Government minister Gillian Keegan appeared unaware of Mr Kasumu’s departure, telling Times Radio: “I don’t even know who he is.”

Politico said Mr Kasumu notified the Prime Minister’s chief of staff, Dan Rosenfield, of his decision to quit his job – which paid up to £75,000 – last week.

He has reportedly been unhappy in Government for some time, with a resignation letter drafted – but then retracted – in February.

(PA Graphics) Credit: PA Graphics

In the letter, which was obtained by the BBC, Mr Kasumu accused the Conservative Party of pursuing “a politics steeped in division” and suggested Equalities Minister Kemi Badenoch may have broken the ministerial code in her public spat with a journalist.

The commission said geography, family influence, socio-economic background, culture and religion all affect life chances more than racism.

Its findings have been described as insulting and divisive, and the chairman of the review has been accused of putting a “positive spin on slavery and empire” when explaining its recommendation on teaching history in schools.

Former equality and human rights commissioner Lord Simon Woolley said he had received a “deluge of calls” following the publication of the race disparities report, with one woman telling him it could have been “straight out of the 1980s”.

“I had a whole range of feelings, actually – anger, despair, and I think above all sadness, great sadness,” he told BBC Radio 4’s Today programme.

“And it wasn’t just me. I had a deluge of calls, people calling up saying ‘Simon, is this for real? In 2021, are we still having to justify whether structural race inequality exists, rather than tackling it?’

“One woman said to me, in tears, this report could have been straight out of the 1980s.”

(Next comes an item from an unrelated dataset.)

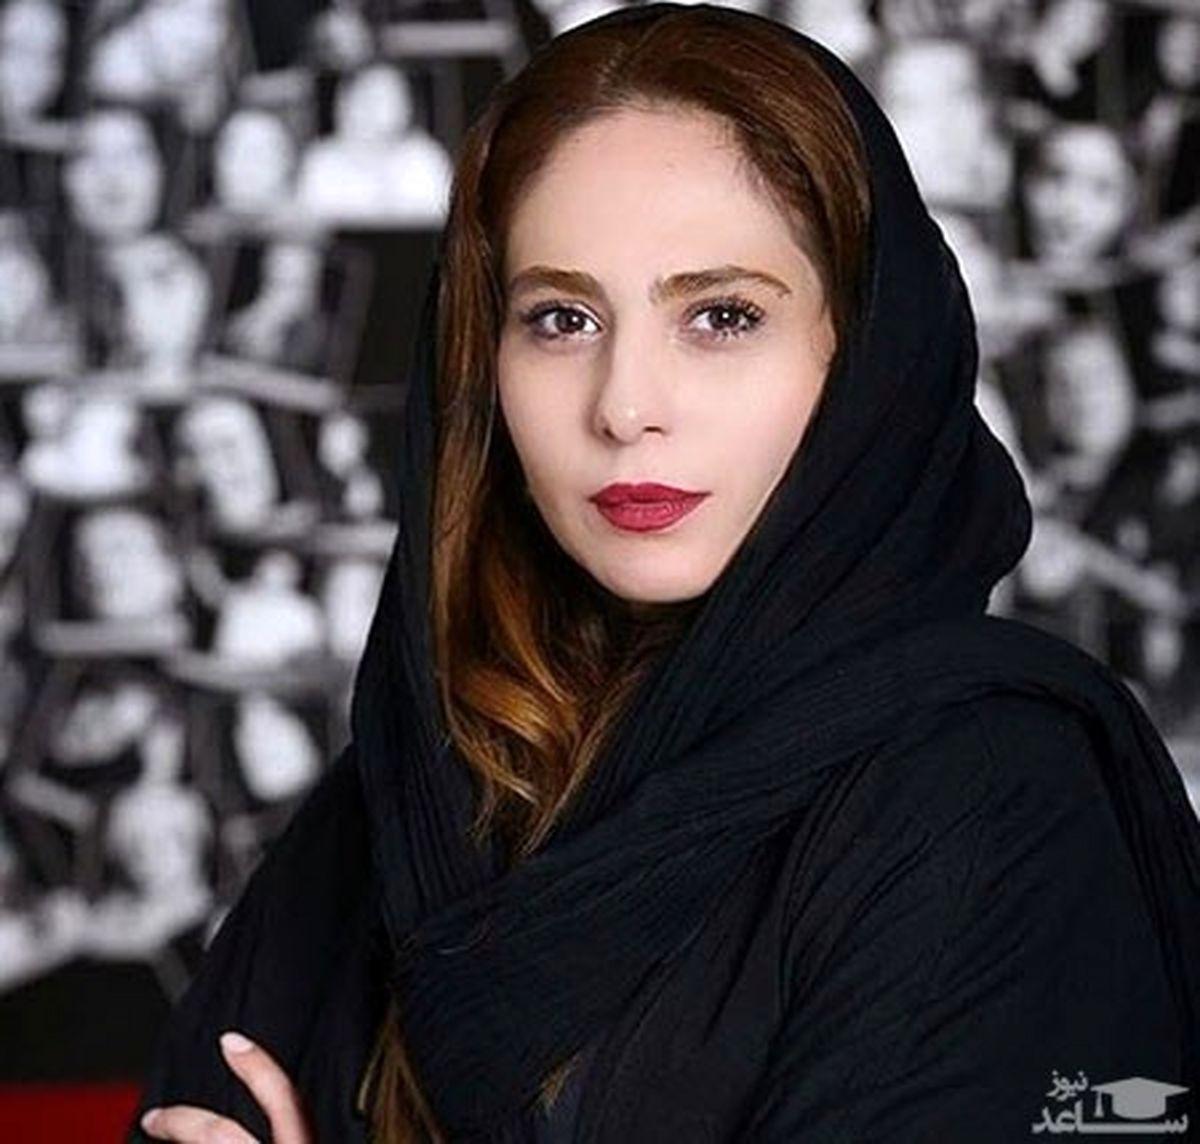 بیوگرافی رعنا ازادی ور و همسرش + عکس دونفره

The report proposes a Making Of Modern Britain teaching resource to “tell the multiple, nuanced stories of the contributions made by different groups that have made this country the one it is today”.

In commission chairman Tony Sewell’s foreword to the report, he said the recommendation is the body’s response to “negative calls for ‘decolonising’ the curriculum”.

He wrote that the resource should look at the influence of the UK during its Empire period and how “Britishness influenced the Commonwealth” and how local communities influenced “modern Britain”.

He added: “There is a new story about the Caribbean experience which speaks to the slave period not only being about profit and suffering but how culturally African people transformed themselves into a remodelled African/Britain.”

Highlighting the passage on Twitter, shadow women and equalities secretary Marsha de Cordova said it was “one of the worst bits” of the report which was “putting a positive spin on slavery and empire”.

Halima Begum, chief executive of race equality think tank the Runnymede Trust, said: “Comments about the slave trade being a Caribbean experience, as though it’s some kind of holiday… this is how deafening it is, cultural deafness, it’s completely out of kilter with where British society is, I believe.”

Shadow Home Secretary Nick Thomas-Symonds said: “I speak in this debate as a white man, but I’ve been listening very carefully over the last couple of days to colleagues form different communities and it’s very clear that the report isn’t recognising their lived experiences.

“And I fear this report is actually a divisive report, it’s a disappointing report that actually takes us back.

“Four years ago, David Lammy produced a report about disproportionality across our criminal justice system, he was asked to do so by the then Conservative government.

“There was no dispute about the structural inequalities that existed in our society, the debate was about what we did to actually address them.

“And it seems to me this report takes us backwards, it takes us back to a debate as to whether structural racism even exists, so I’m not surprised in those circumstances that the prime minister’s most senior black adviser has resigned.”